With the EU Artificial Intelligence Act having entered into force on 1 August 2024 and full application commencing in August 2026, European and globally exposed organisations face a compressed window to restructure their AI governance frameworks. For boards and executive teams, this is no longer a horizon risk — it is an active compliance obligation requiring cross-functional coordination across legal, technology, and enterprise risk management functions.
A Dual Regulatory Burden: Where the EU AI Act Meets GDPR
The most operationally significant challenge for organisations is not the AI Act in isolation, but its direct intersection with the General Data Protection Regulation (GDPR). High-risk AI systems that process personal data — including recruitment tools, credit scoring models, and large language models used in customer-facing applications — must now satisfy obligations under both regimes simultaneously.
The AI Act mandates enhanced requirements for data governance, transparency, and human oversight for high-risk systems, while simultaneously requiring providers to implement bias detection and correction mechanisms in large language models. These requirements layer directly onto GDPR’s existing obligations around lawful processing, data minimisation, and automated decision-making under Article 22. The European Data Protection Board’s launch of the Coordinated Enforcement Framework (CEF) 2026 signals that regulators intend to treat these frameworks as complementary, not separate — and enforcement will reflect that integration.
The Ireland Data Protection Commission’s €405 million fine against Meta Platforms Ireland for failures in protecting children’s data on Instagram serves as a material reference point. It illustrates both the scale of exposure and the regulator’s willingness to pursue structural failures in data governance — precisely the category of risk that poorly governed AI systems introduce at scale.
Transatlantic Data Flows and the AI Supply Chain
For multinational organisations, the EU–US Data Privacy Framework adequacy decision provides meaningful relief for transatlantic personal data transfers to certified US entities following the uncertainty created by the Schrems II ruling.
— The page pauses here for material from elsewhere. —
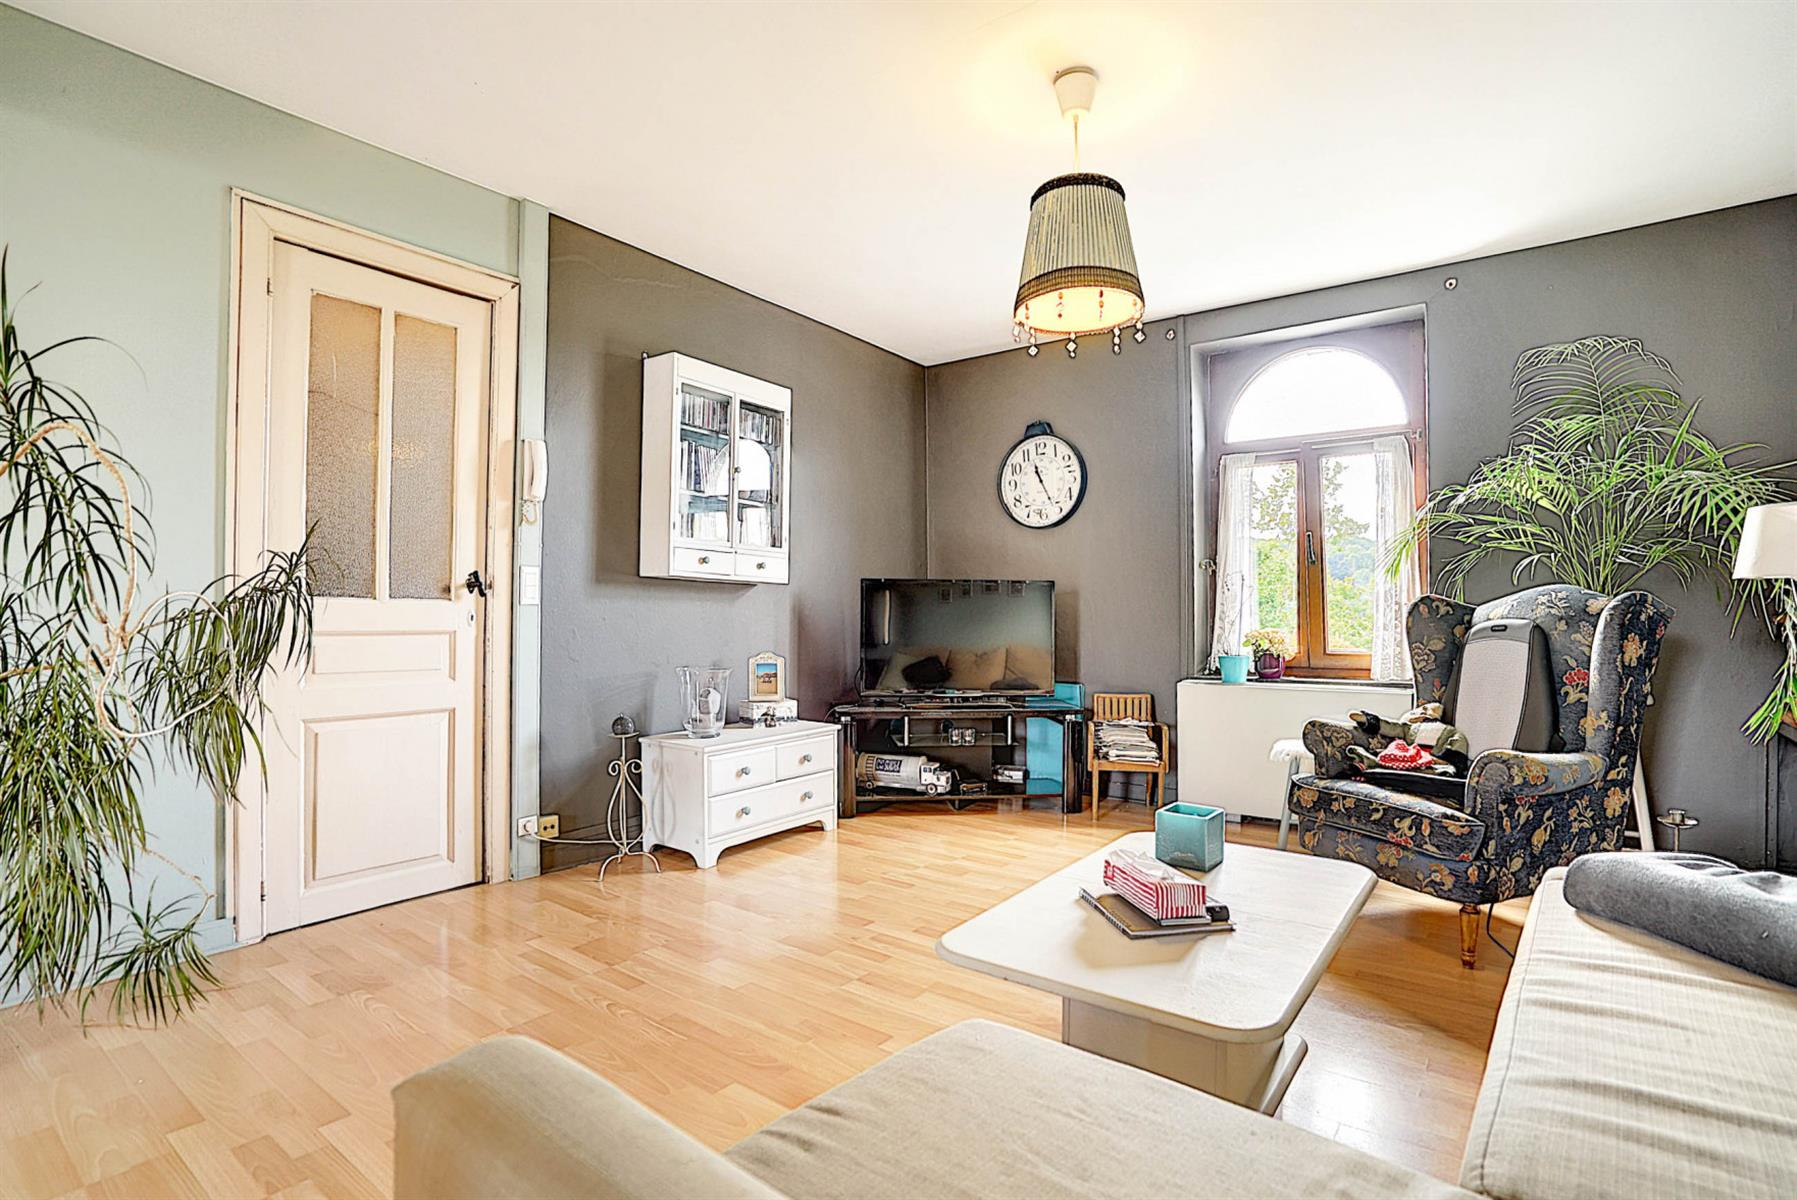 Maison - Bousval - #4131618-26

However, this adequacy decision does not resolve the AI-specific compliance obligations that arise when US-developed or US-hosted AI systems process European personal data.
Organisations must now conduct a rigorous audit of their AI supply chains — including third-party model providers, cloud infrastructure, and API-dependent services — to determine whether each component meets the AI Act’s conformity requirements and GDPR’s data transfer safeguards. This is particularly relevant for enterprises that have rapidly deployed generative AI tools without corresponding governance structures.
The emerging Digital Omnibus proposal adds further complexity by introducing material GDPR updates, including exempting approximately 60% of low-risk processing purposes from consent requirements and mandating that controllers respect browser-based privacy signals such as Global Privacy Control. For organisations operating consent management platforms, this will require technical reconfiguration and updated legal bases across digital properties.
Implications for Corporate Governance and Enterprise Risk Management
The convergence of these regulatory developments has direct implications for corporate governance structures and board-level oversight responsibilities. Key actions for decision-makers include:
- AI risk classification: Conduct a formal inventory of AI systems in use and classify each against the AI Act’s risk tiers. High-risk designations trigger mandatory conformity assessments, technical documentation, and human oversight mechanisms before August 2026.
- Integrated compliance architecture: Establish a unified governance function — or formal coordination protocol — between Data Protection Officers, Chief AI Officers, and General Counsel to manage the GDPR-AI Act interface without duplicative or conflicting controls.
- Third-party due diligence: Embed AI Act and GDPR compliance requirements into vendor contracts and M&A due diligence frameworks. Target companies with material AI deployments now carry regulatory contingent liabilities that must be quantified at deal stage.
- Consent infrastructure review: Anticipate the Digital Omnibus changes by auditing existing consent management platforms against the forthcoming browser-signal requirements and reduced consent scope.
- Board reporting: Integrate AI regulatory compliance into existing ESG reporting and enterprise risk management dashboards. Regulators and institutional investors increasingly expect board-level accountability for AI governance.
Key Takeaway
The August 2026 full application date for the EU AI Act is not a distant deadline — it is an active project timeline. Organisations that treat AI governance as a standalone technical matter, rather than an integrated component of their regulatory compliance and corporate governance frameworks, risk both enforcement exposure and competitive disadvantage. The regulatory architecture is now clear. The strategic imperative is execution.